Please output, exactly and without pictures, the lines from the opening of the listing below through the line containing "58dd72267624b9 CXINS Women", both included.

STORED DATA.

--- START ---

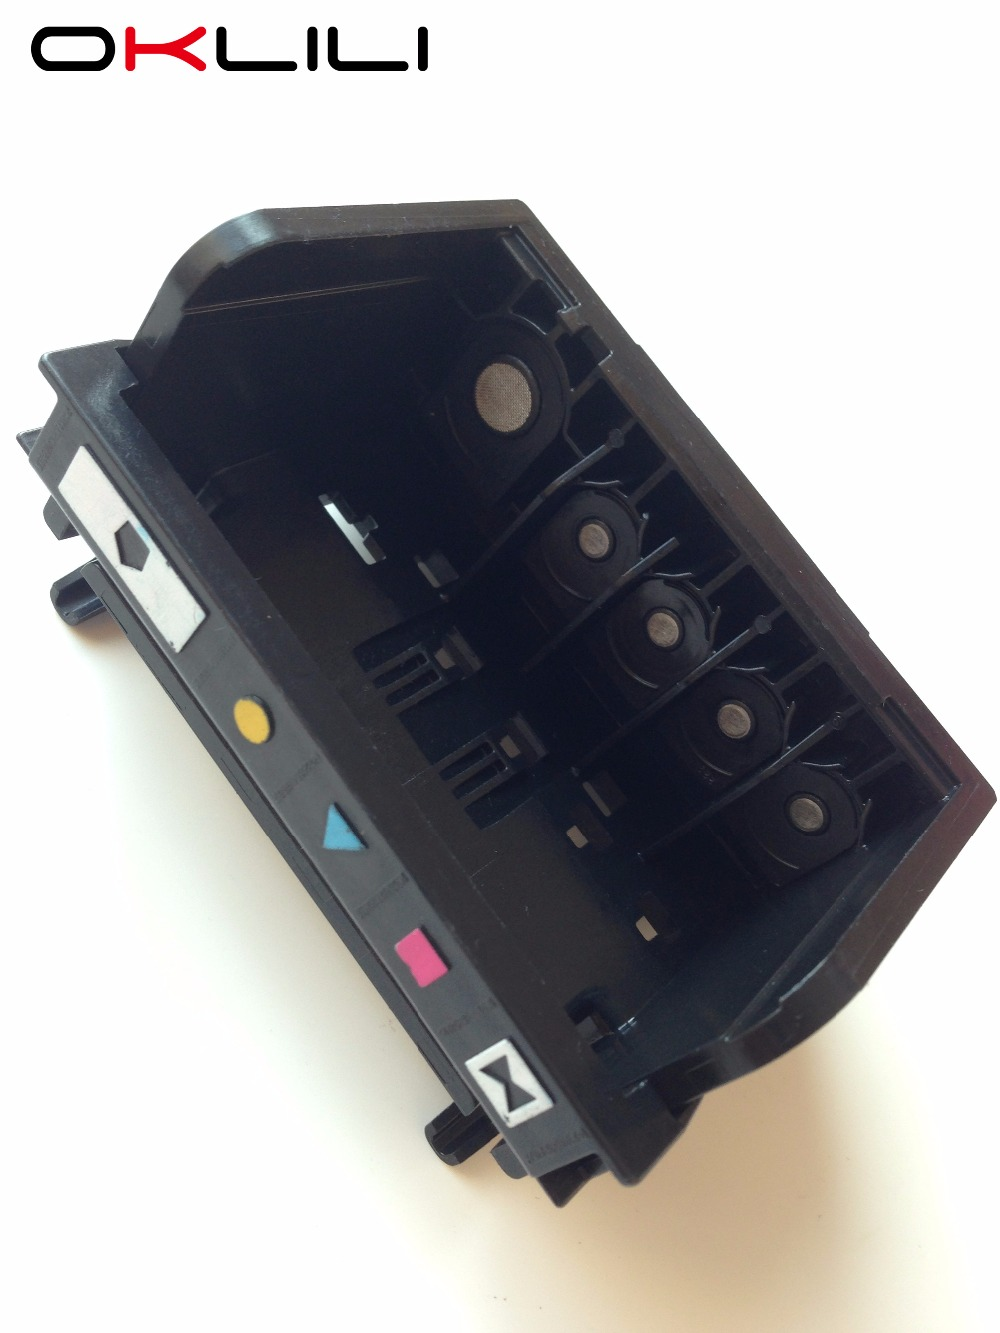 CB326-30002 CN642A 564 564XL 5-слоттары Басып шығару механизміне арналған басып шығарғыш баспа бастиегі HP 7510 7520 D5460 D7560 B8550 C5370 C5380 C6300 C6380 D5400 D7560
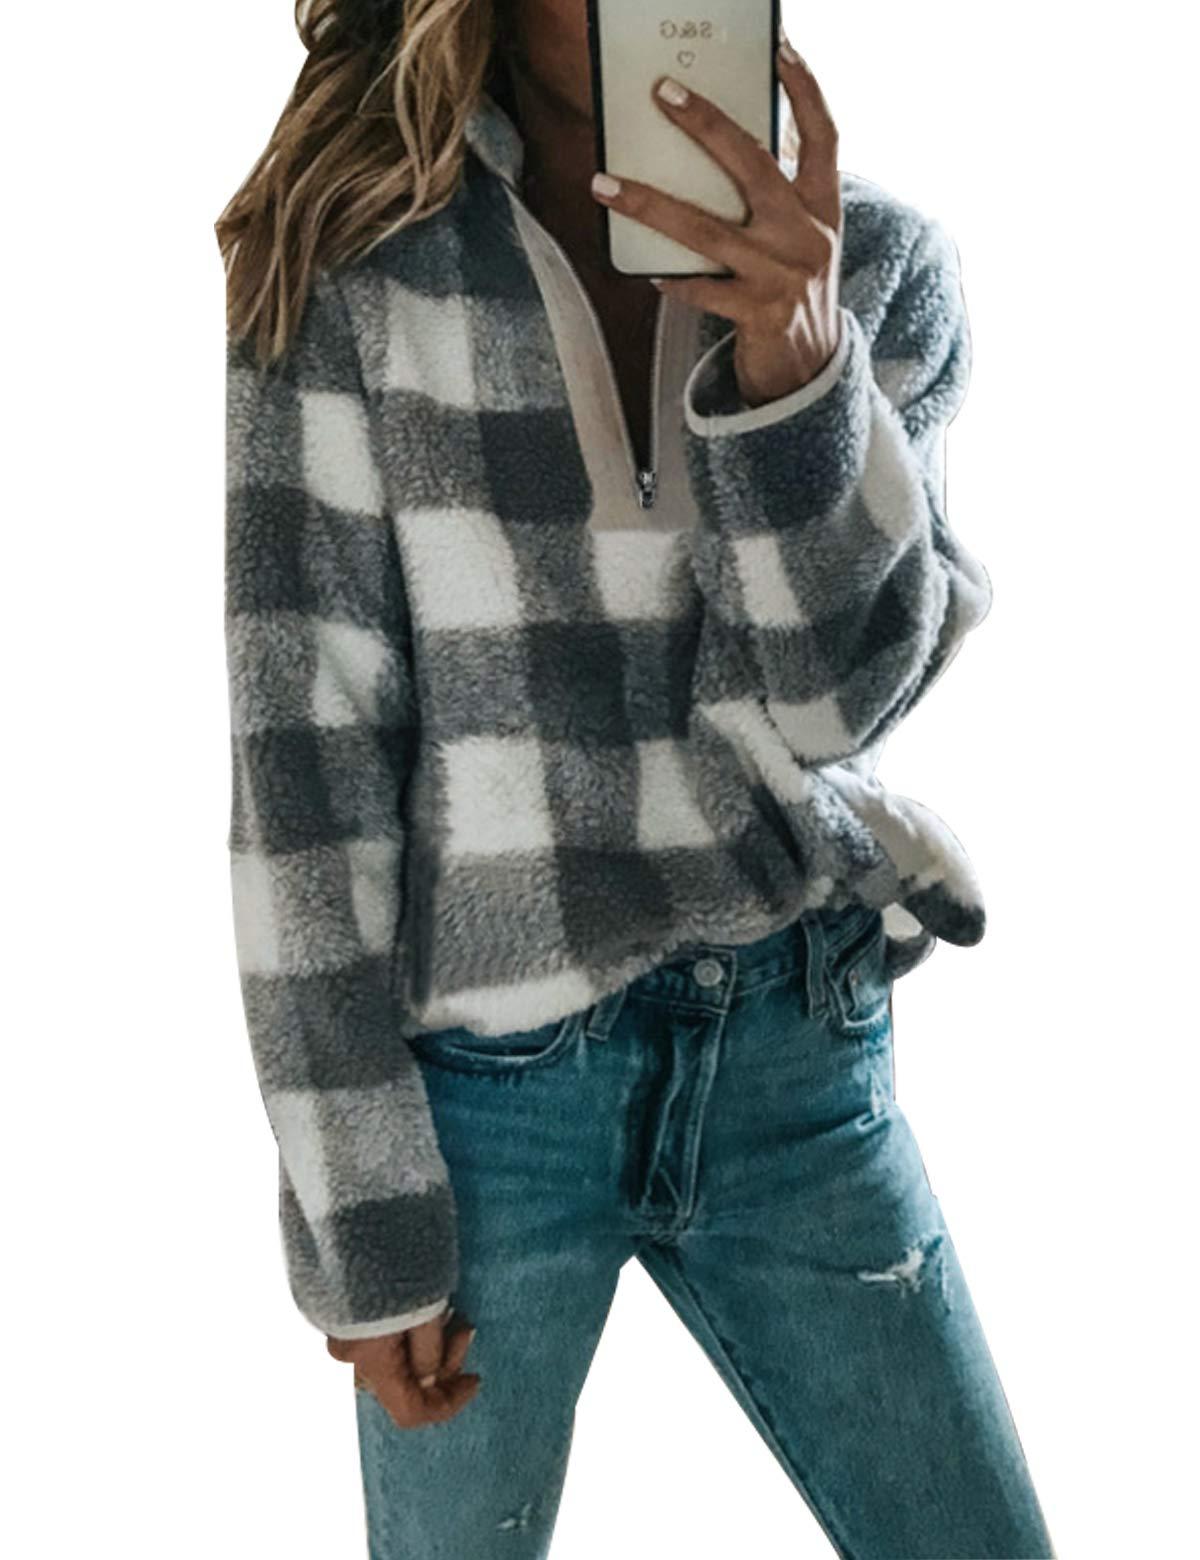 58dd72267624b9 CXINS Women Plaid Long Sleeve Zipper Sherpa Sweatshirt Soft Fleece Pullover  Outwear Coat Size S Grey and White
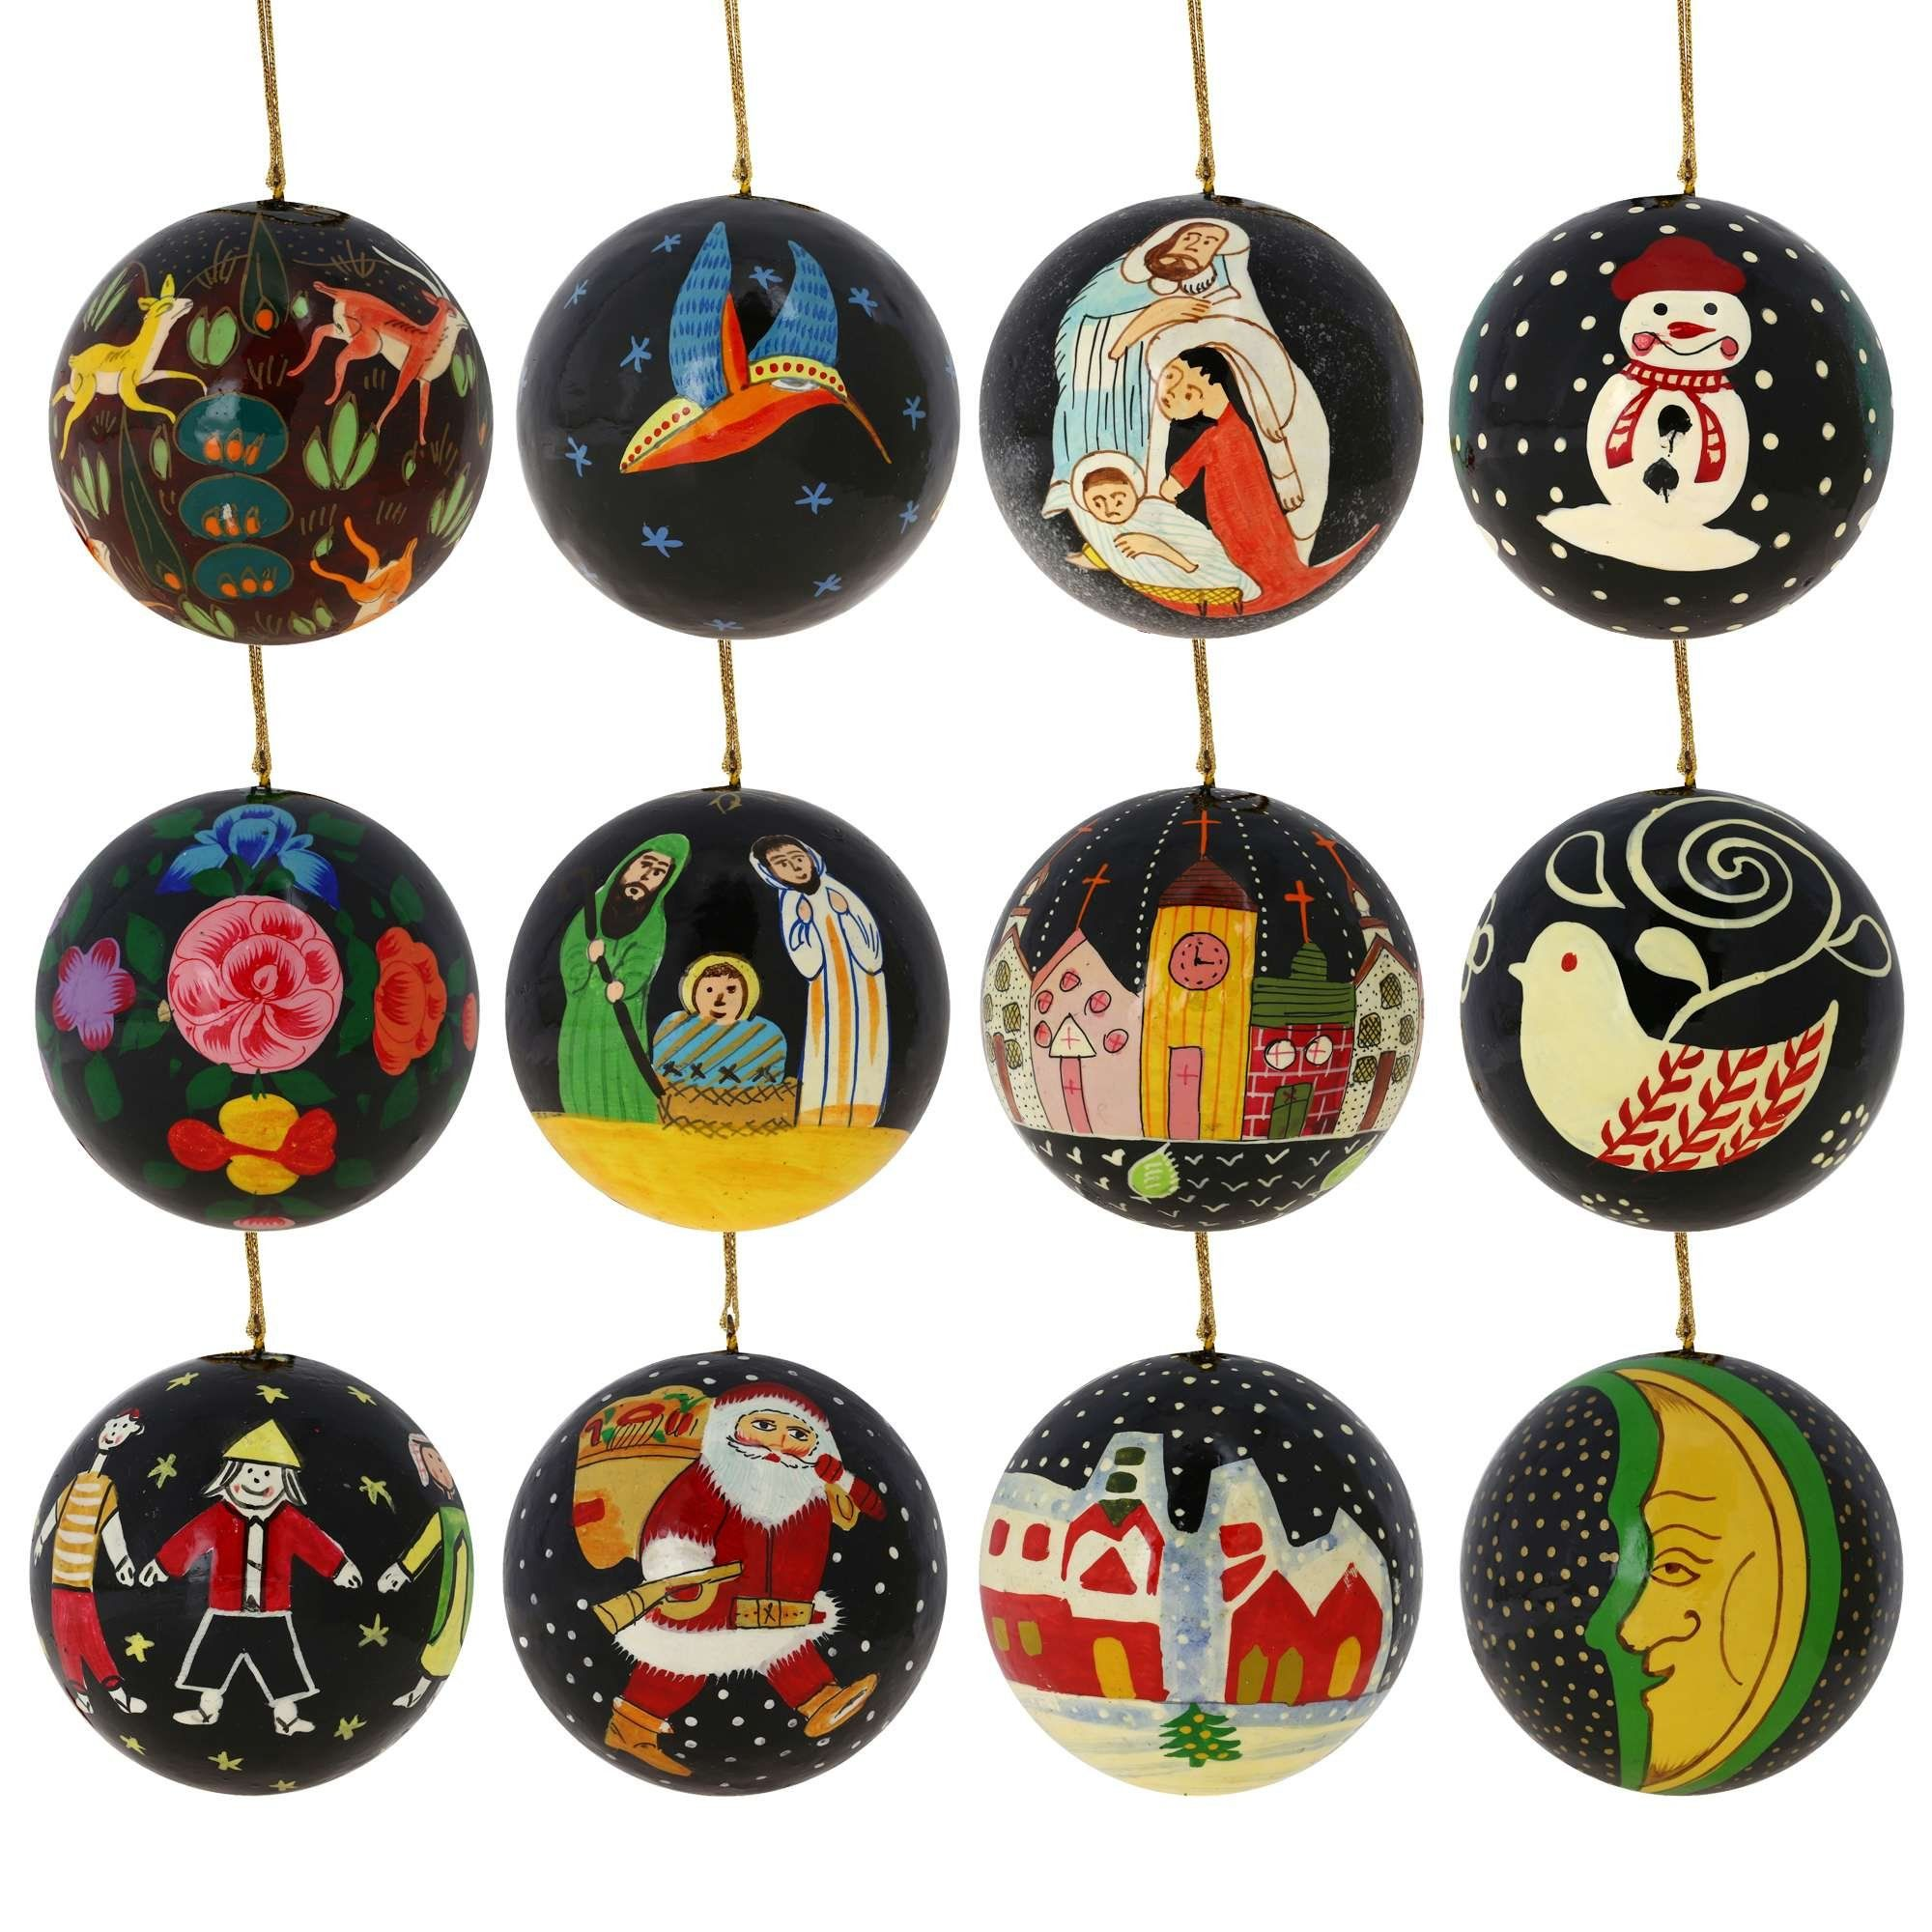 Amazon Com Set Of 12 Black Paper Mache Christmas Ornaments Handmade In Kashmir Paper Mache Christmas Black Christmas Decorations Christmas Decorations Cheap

--- END ---

THE ANSWER.
 CB326-30002 CN642A 564 564XL 5-слоттары Басып шығару механизміне арналған басып шығарғыш баспа бастиегі HP 7510 7520 D5460 D7560 B8550 C5370 C5380 C6300 C6380 D5400 D7560
 58dd72267624b9 CXINS Women Plaid Long Sleeve Zipper Sherpa Sweatshirt Soft Fleece Pullover  Outwear Coat Size S Grey and White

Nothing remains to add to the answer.